Why it matters right now
Very few political plays from the late twentieth century feel as alive as Marx in Soho. Howard Zinn imagines Karl Marx returning to Earth for a single hour in order to defend himself against decades of distortion, accusation and misunderstanding. The result feels startlingly relevant in 2026, when conversations about capitalism, inequality and labour have moved back into mainstream culture with fresh urgency. Housing costs continue to rise, wealth gathers in fewer hands and entire generations feel locked out of economic stability. Zinn understands that political ideas become emotionally powerful when attached to ordinary lives, exhausted workers and family struggles. The play turns Marx from a symbol into a person who worries about rent, argues with his wife and watches governments protect wealth at the expense of human beings.

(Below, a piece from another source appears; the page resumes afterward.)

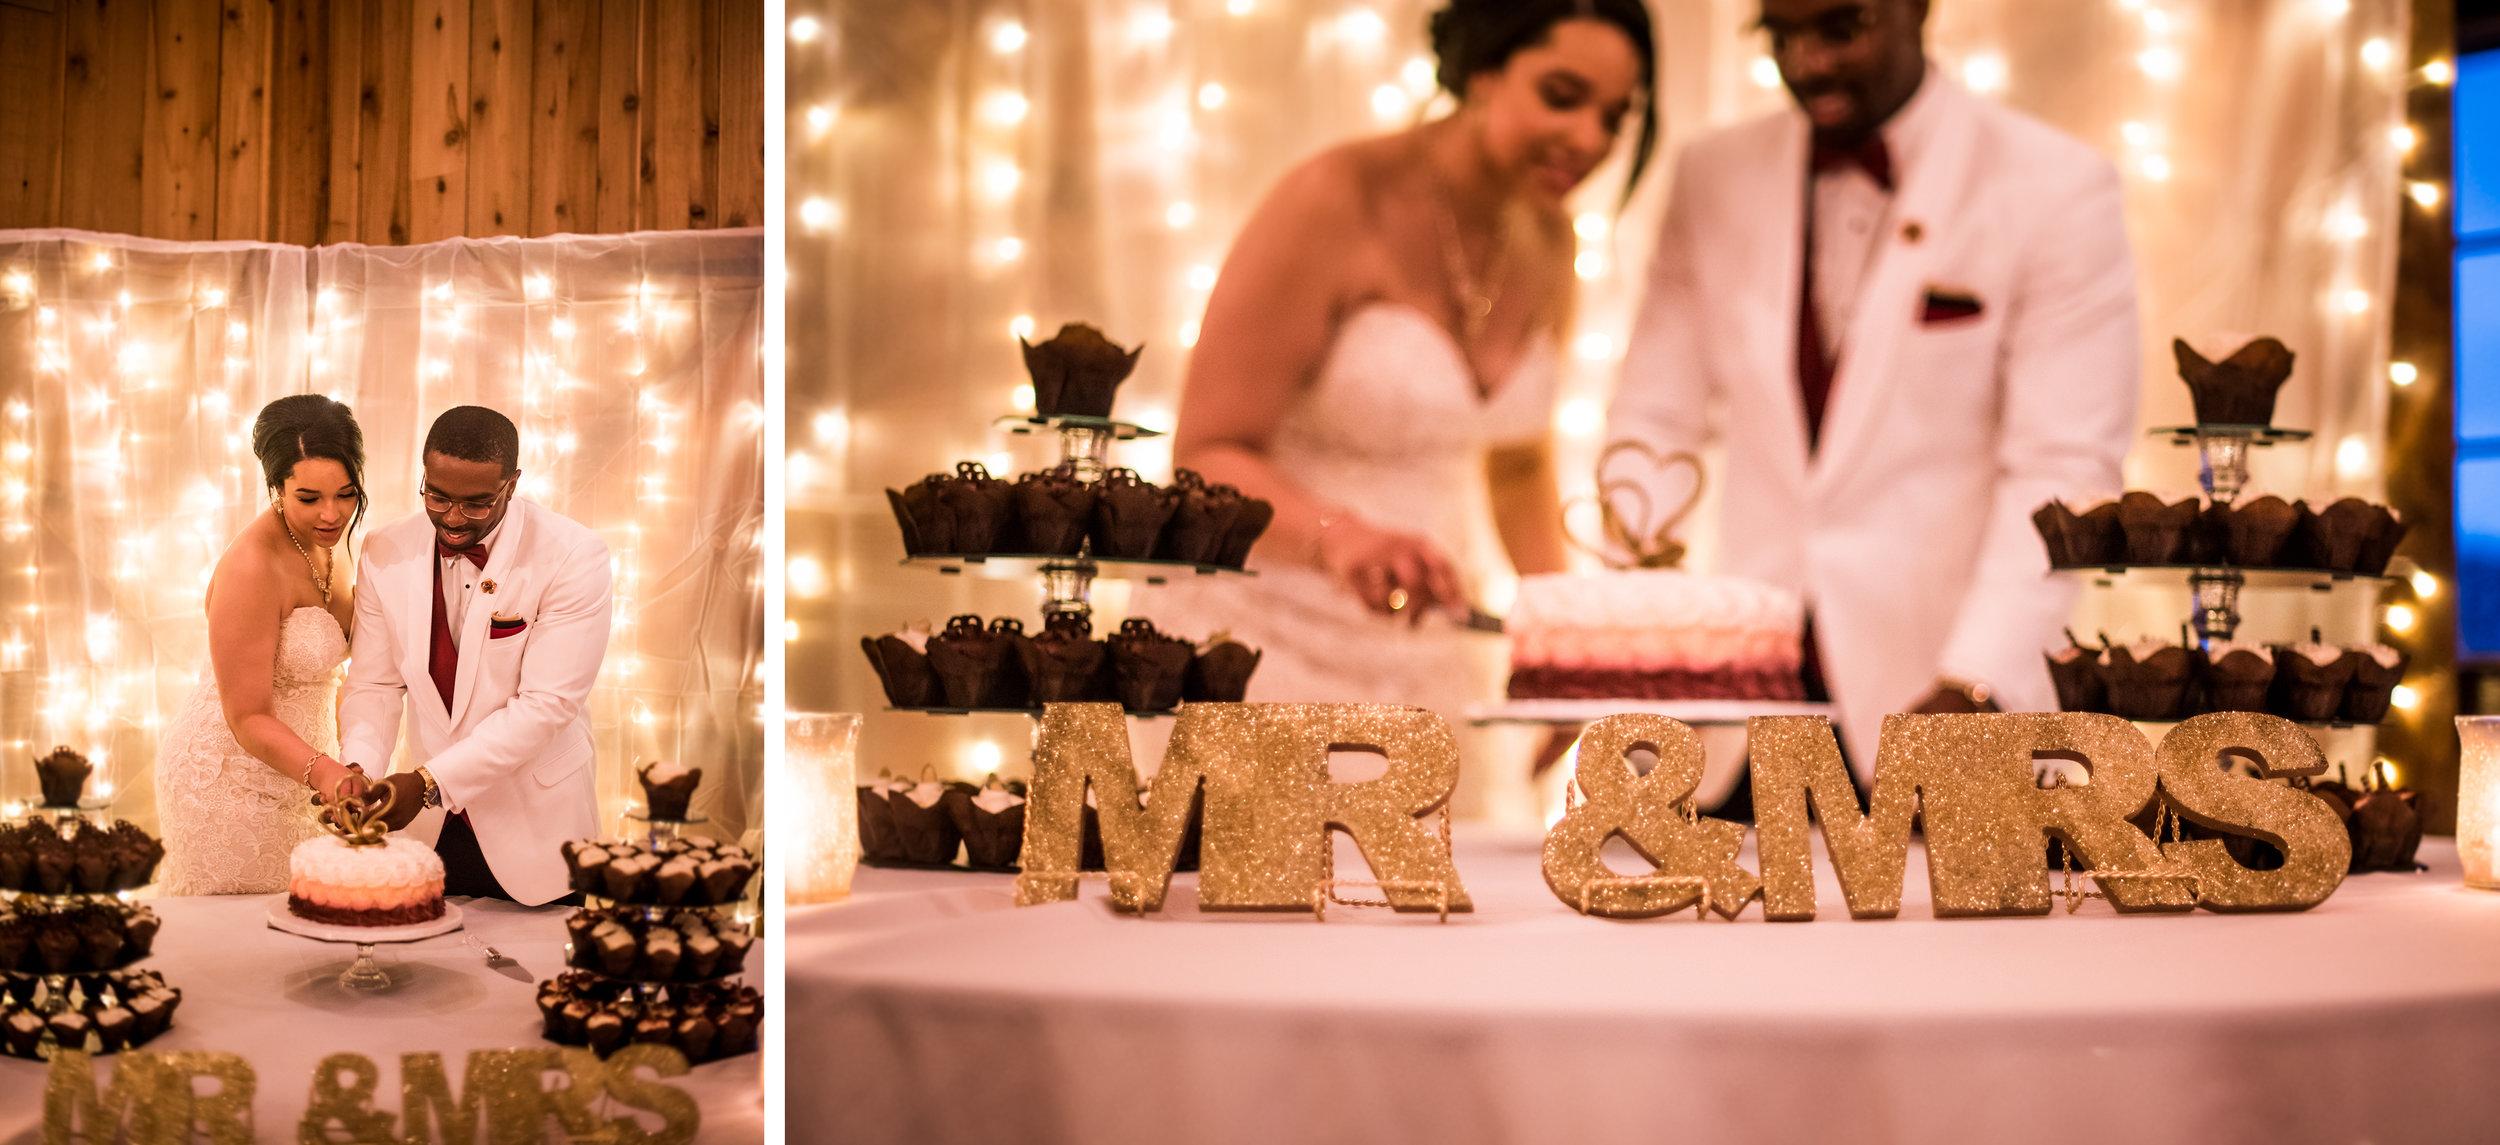 Burlington Iowa Wedding Midwest Photographer Melissa Cervantes _ Chantelle and Isaiah 2025.jpg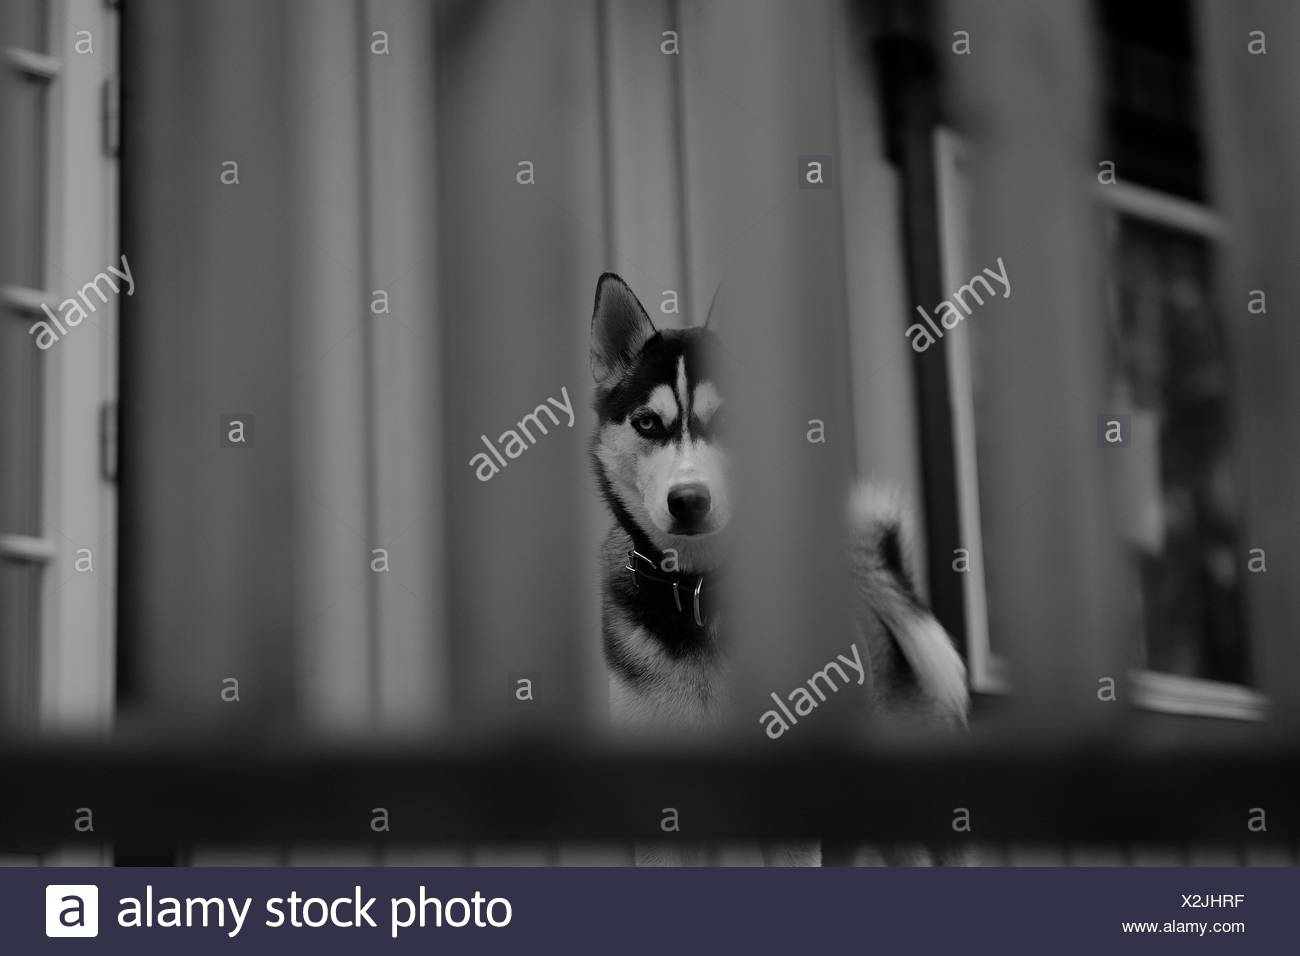 Siberian Husky Outside House Seen Through Fence - Stock Image

The story in three sentences
After decades in the grave, Karl Marx receives permission to return briefly to Earth and explain what he actually believed. Through stories about poverty, revolution, exile and family life, he attempts to separate his own ideas from the dictators and regimes who later claimed his name. As the hour unfolds, Marx becomes increasingly frustrated by how little the world seems to have changed since the nineteenth century.
The moment you will remember
At one point Marx stops sounding like a philosopher entirely and speaks instead about his wife Jenny pawning possessions so the family could survive another week. The great political theorist suddenly becomes a husband watching his children grow up in poverty while wealth surrounds him everywhere. It shifts the emotional centre of the play. The arguments about economics matter intellectually, yet the lasting impact comes from hearing how political systems shape kitchens, marriages and ordinary daily humiliations.
Who it is for
Read or see this if: you enjoy political theatre that values storytelling as much as ideology. If you are interested in history presented through personality and argument rather than academic distance. If you want a solo show that gives an actor room for humour, anger, intimacy and direct audience connection.
Be aware if: overtly political theatre tends to frustrate you. The play openly challenges capitalism and asks the audience to reconsider ideas many people have been taught to dismiss automatically.
The debate
Marx in Soho raises an uncomfortable question that still divides audiences. Can Marx’s ideas be separated from the authoritarian governments that later claimed inspiration from his work, or does history make that impossible? Zinn clearly believes Marx deserves a fairer hearing than he usually receives in popular culture. Critics of the play argue that it softens the darker consequences attached to communist movements across the twentieth century. Supporters respond that the play is interested in inequality, exploitation and labour rather than defending dictatorships. The tension gives the play much of its energy because the audience spends the evening deciding whether Marx sounds prophetic, naive or disturbingly accurate.